取引の概要 | 会計処理 | 影響を受ける主な業種 |
---|---|---|
ポイントの付与が発生する取引 | ポイントが使われたタイミングで収益を認識する | 小売業、飲食店業など |
キャッシュバック、値引き、リベート等 | 原則、キャッシュバック等の金額分を取引価格から減額する | 製造業、卸売業、小売業、IT業など |
新収益認識基準の適用外となる取引
ただし、以下の取引に関しては適用されません。
- 「金融商品会計基準」の範囲に含まれる取引
- 「リース会計基準」の範囲に含まれる取引
- 保険法による定義を満たす保険取引
- 同業他社との交換取引
- 金融商品の組成や取得で受け取る手数料
- 「不動産流動化実務指針」の対象となる不動産の譲渡
以上のケースに新収益認識基準が適用されないのは、他の会計基準や法令が優先される、または「顧客との契約から生じる収益」ではないと見なされることが理由です。
なお、上場企業・大企業以外の中小企業(監査対象法人以外の企業)については、新収益認識基準を適用せず、これまで通り企業会計原則にのっとった会計処理を行ってもよいとされています。
新収益認識基準導入時の注意点
新収益認識基準を導入する際の注意点は、以下の通りです。
現状を把握する
新収益認識基準の導入にあたっては、まず自社の商品・サービスの契約内容を精査し、履行義務を整理しましょう。何がどのように変更になるのか、しっかりと把握することが重要です。
対象を絞り込む
新収益認識基準は、必ずしも全ての取引に適用する必要はありません。グループ内に複数の会社がある場合、あるいは会社内に複数の商流がある場合には、各部門の負担なども考慮しながら重要度の高い取引を絞り込み、優先的に導入しましょう。
システムへの影響を分析する
新収益認識基準の導入で、各種システムの変更が必要となってくる場合があります。例えば、売上の計上額と顧客への請求額が異なってくる場合などには、会計システムの変更が必要となるでしょう。導入によりどのようなシステム変更を行わなければならないのか、問題点やリスクを洗い出すことが大切です。
契約への影響を検討する
新収益認識基準の導入で契約内容の変更が必要となるケースもあります。契約内容への影響もしっかり検討しておきましょう。
複雑な新収益認識基準に対応できるツールを導入する
新収益認識基準では複雑な会計処理を求められるため、対応可能な会計システムやERPツールの導入が重要です。

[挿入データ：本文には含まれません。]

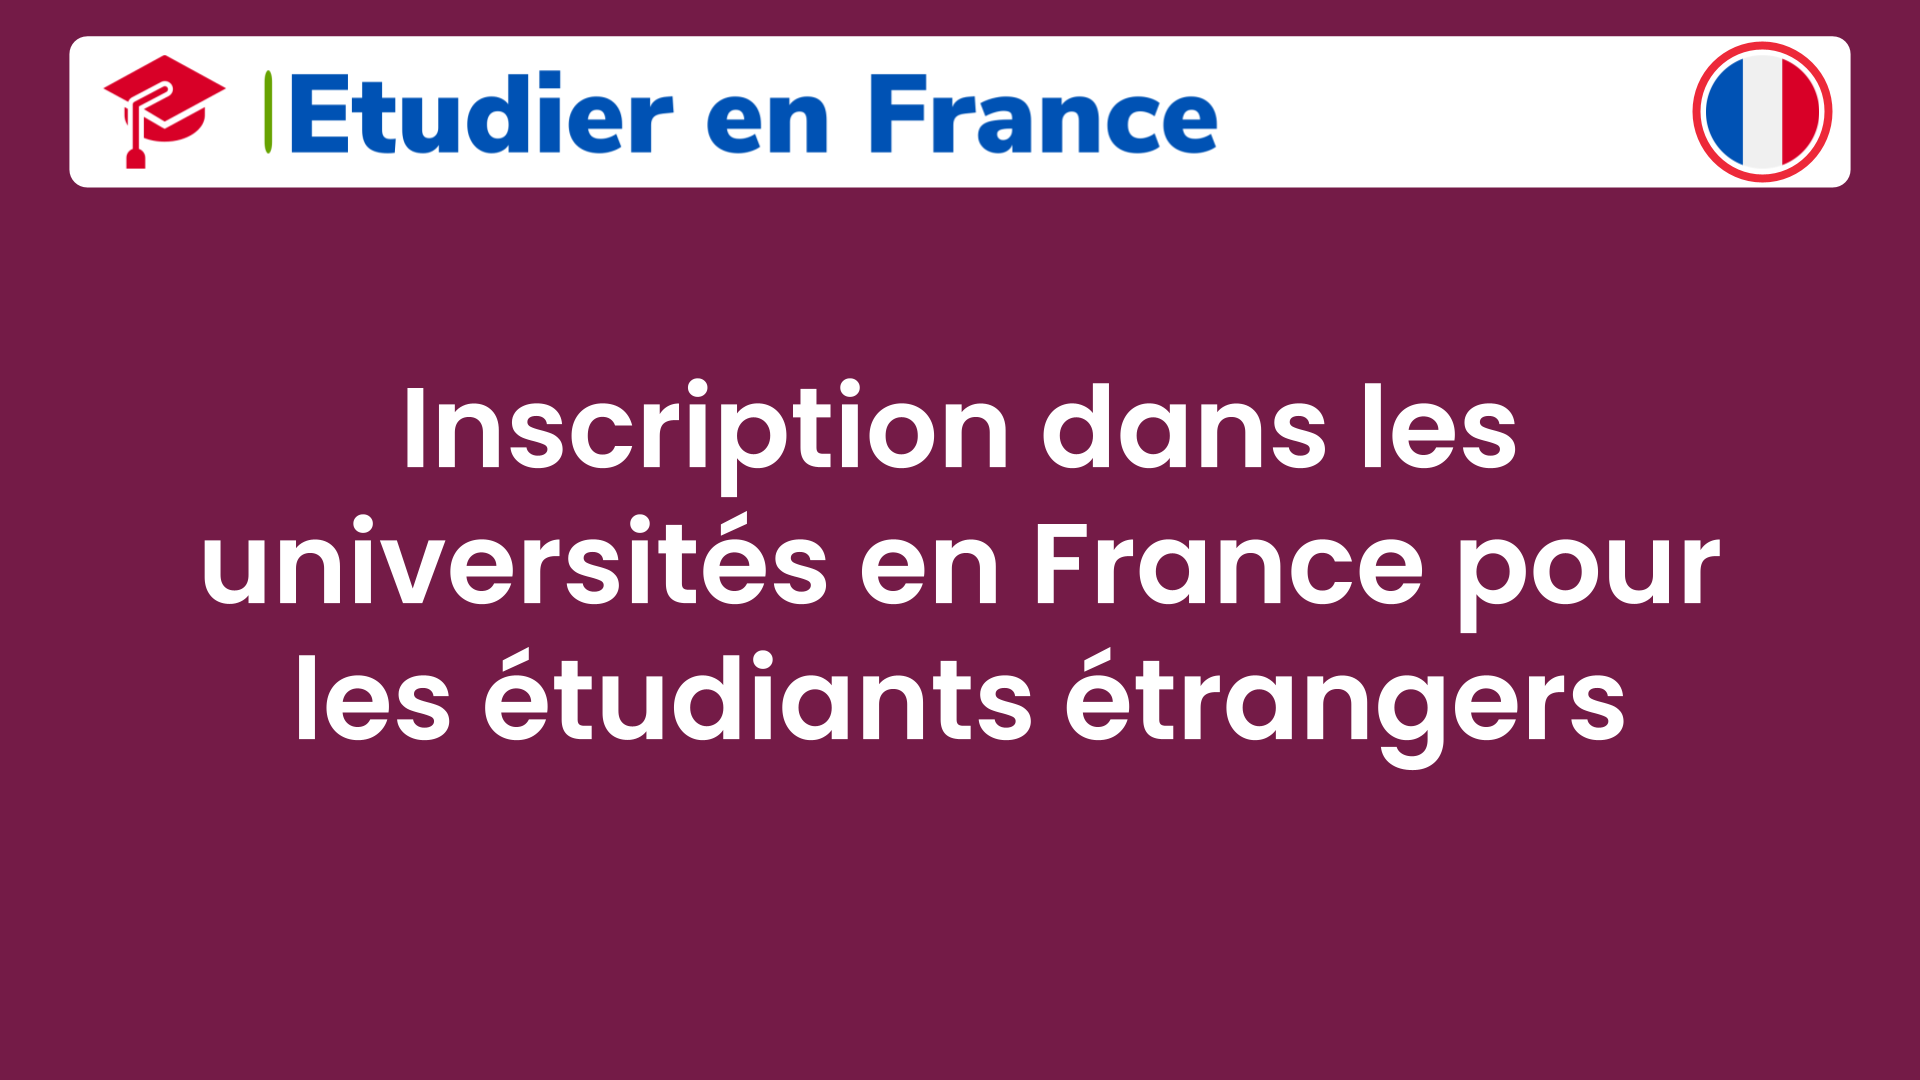 Inscription dans les universités en France pour les étudiants étrangers

この基準に準拠した会計システムやERPツールの導入により、収益認識をはじめとした会計処理のミスを防ぎやすくなります。
また、新収益認識基準への対応に伴う経理担当者の負担軽減にもつながります。
財務会計の業務にERPを導入するメリットは、以下の記事で詳しく解説しています。
影響を洗い出して新収益認識基準を導入しよう
新収益認識基準とは、売上をどのように認識し、どのタイミングで財務諸表に反映するかについての統一的な基準です。契約内容を履行義務に分解し、履行義務が果たされた時点で売上を計上していくことになります。
新収益認識基準の導入は、変更による混乱が起きないよう、システムや契約への影響を洗い出し、場合によっては適用対象を絞り込んで進めていきましょう。
※ 掲載している情報は記事更新時点のものです。